What's Behind the Rally: Rusch initiated coverage with an Outperform rating and set a $20 price target, which would represent roughly double where shares are currently trading. That's the kind of call that gets investors' attention.
The analyst dubbed Serve Robotics a "Physical AI pioneer" in last-mile delivery, pointing to something that matters more than you might think: the company's treasure trove of data from navigating complex sidewalk environments. According to Investing.com, Oppenheimer believes this data leadership translates into more efficient hardware and software design.
Here's why that matters. The firm argues these advantages create structural cost benefits and faster learning cycles compared with competitors, giving Serve a meaningful edge in the autonomous delivery market. In an industry where everyone's racing to perfect robotic delivery, having better data means learning faster and spending less.

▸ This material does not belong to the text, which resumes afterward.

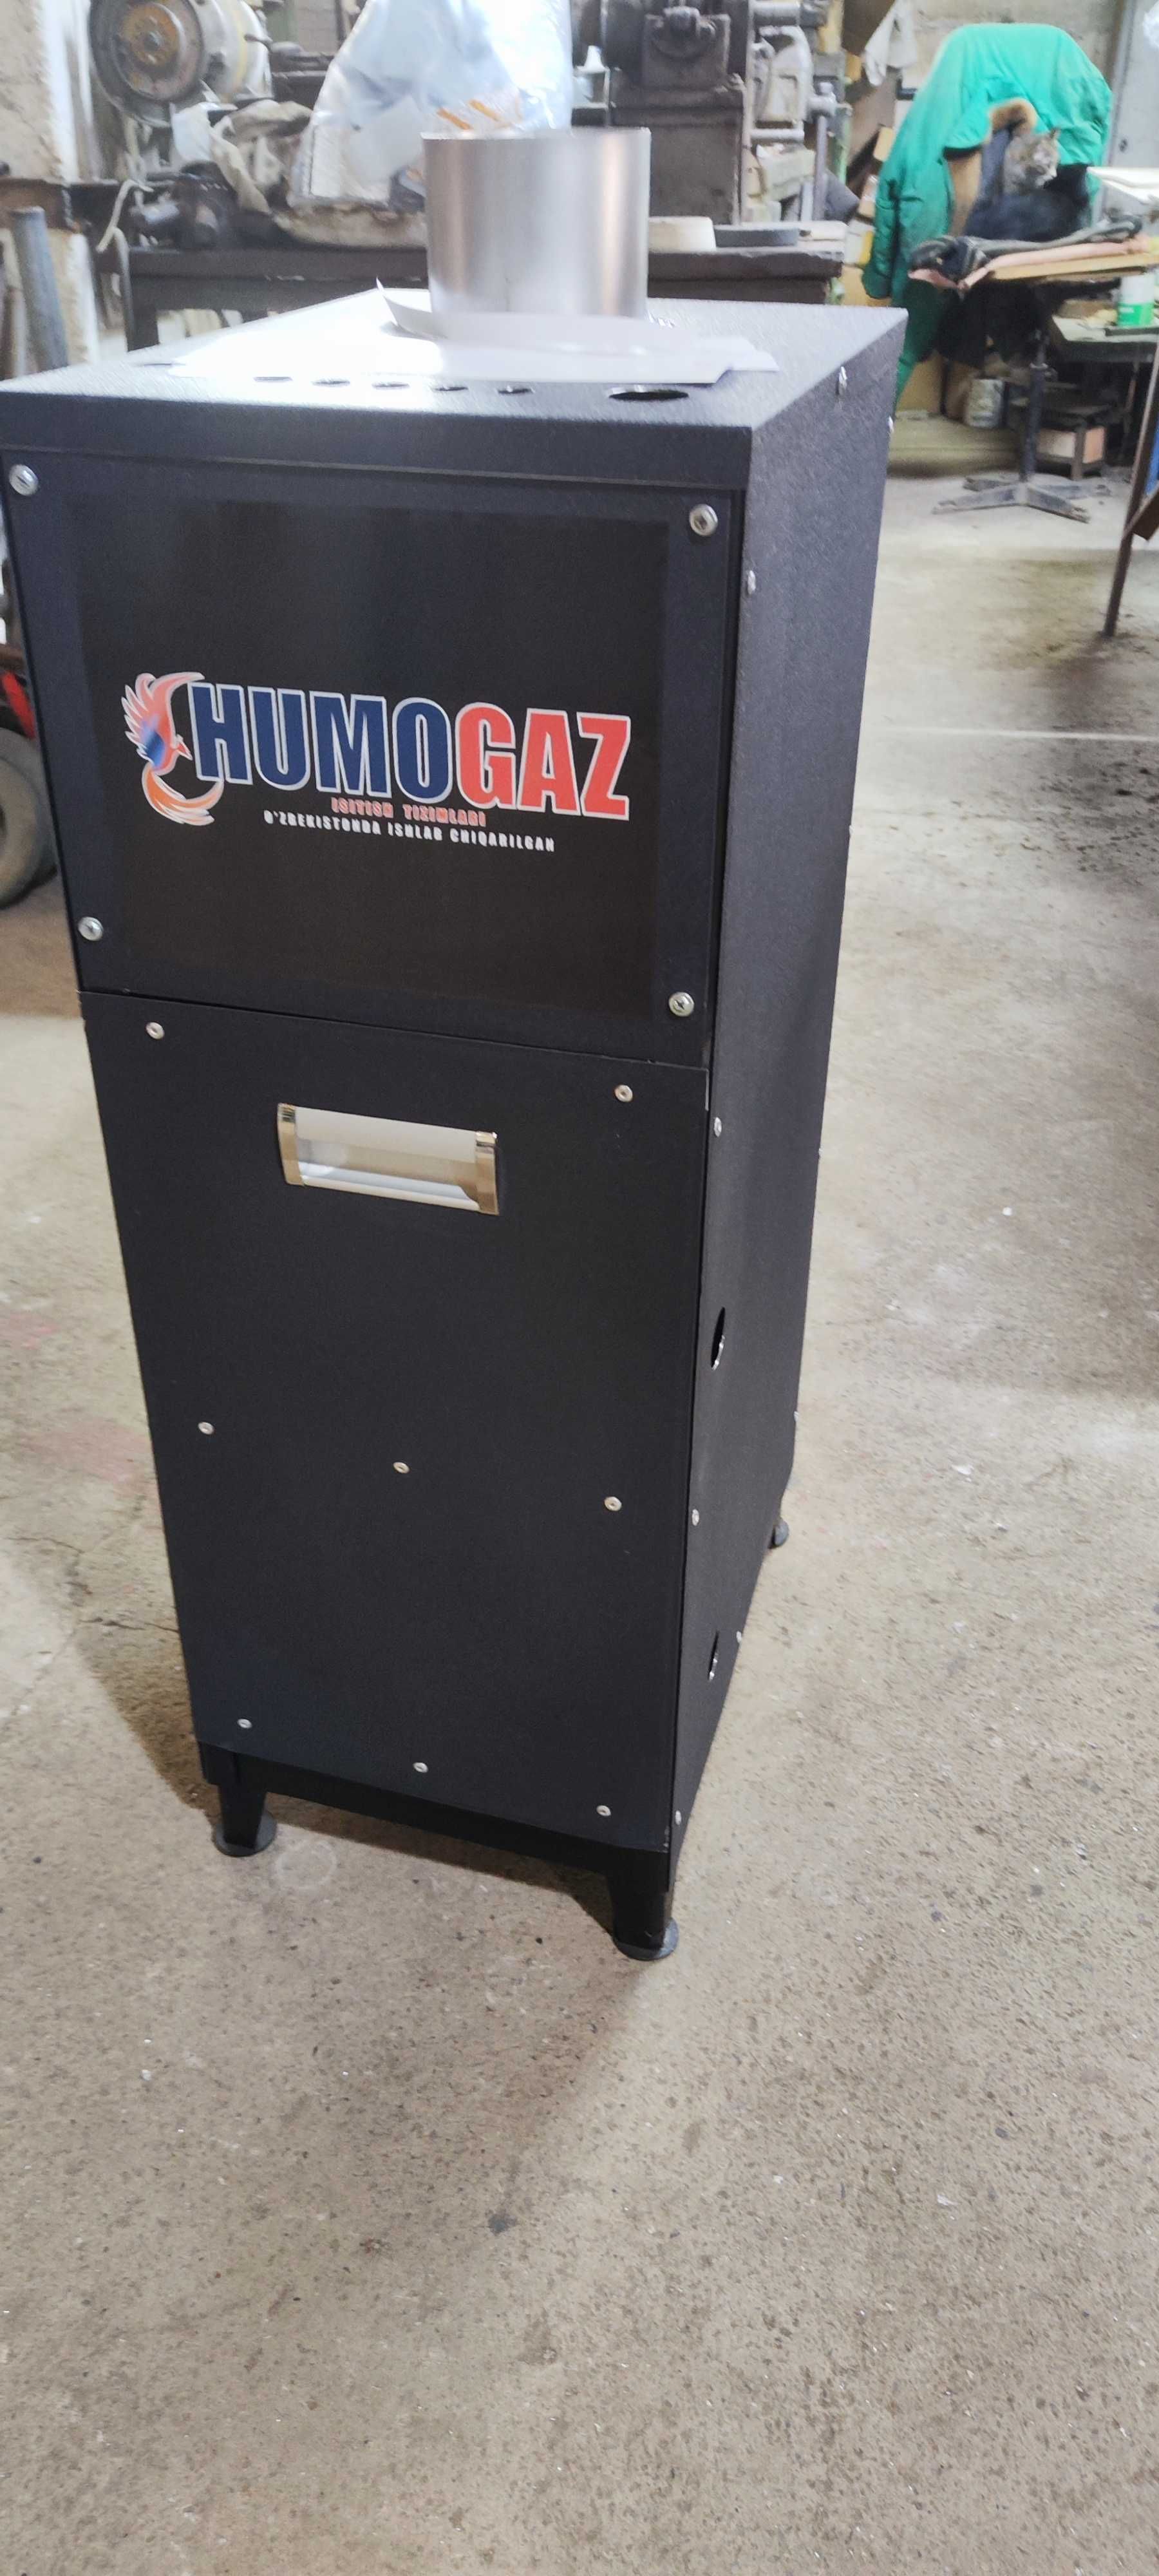 газовый котел напольный HumoGaz HG-11 (11 кВт на 100 кв.м.)

The company's recent performance backs up some of the optimism. Serve reported a 210% year-over-year revenue increase in third-quarter 2025 and has already deployed more than 2,000 autonomous delivery robots across multiple U.S. cities. The expansion plan continues into early 2026 with additional markets on the roadmap.
The Trading Action
At the time of writing, Serve shares were trading 4.51% higher at $9.99. If Oppenheimer's price target plays out, investors who buy at current levels would be looking at a nice return as the autonomous delivery story unfolds.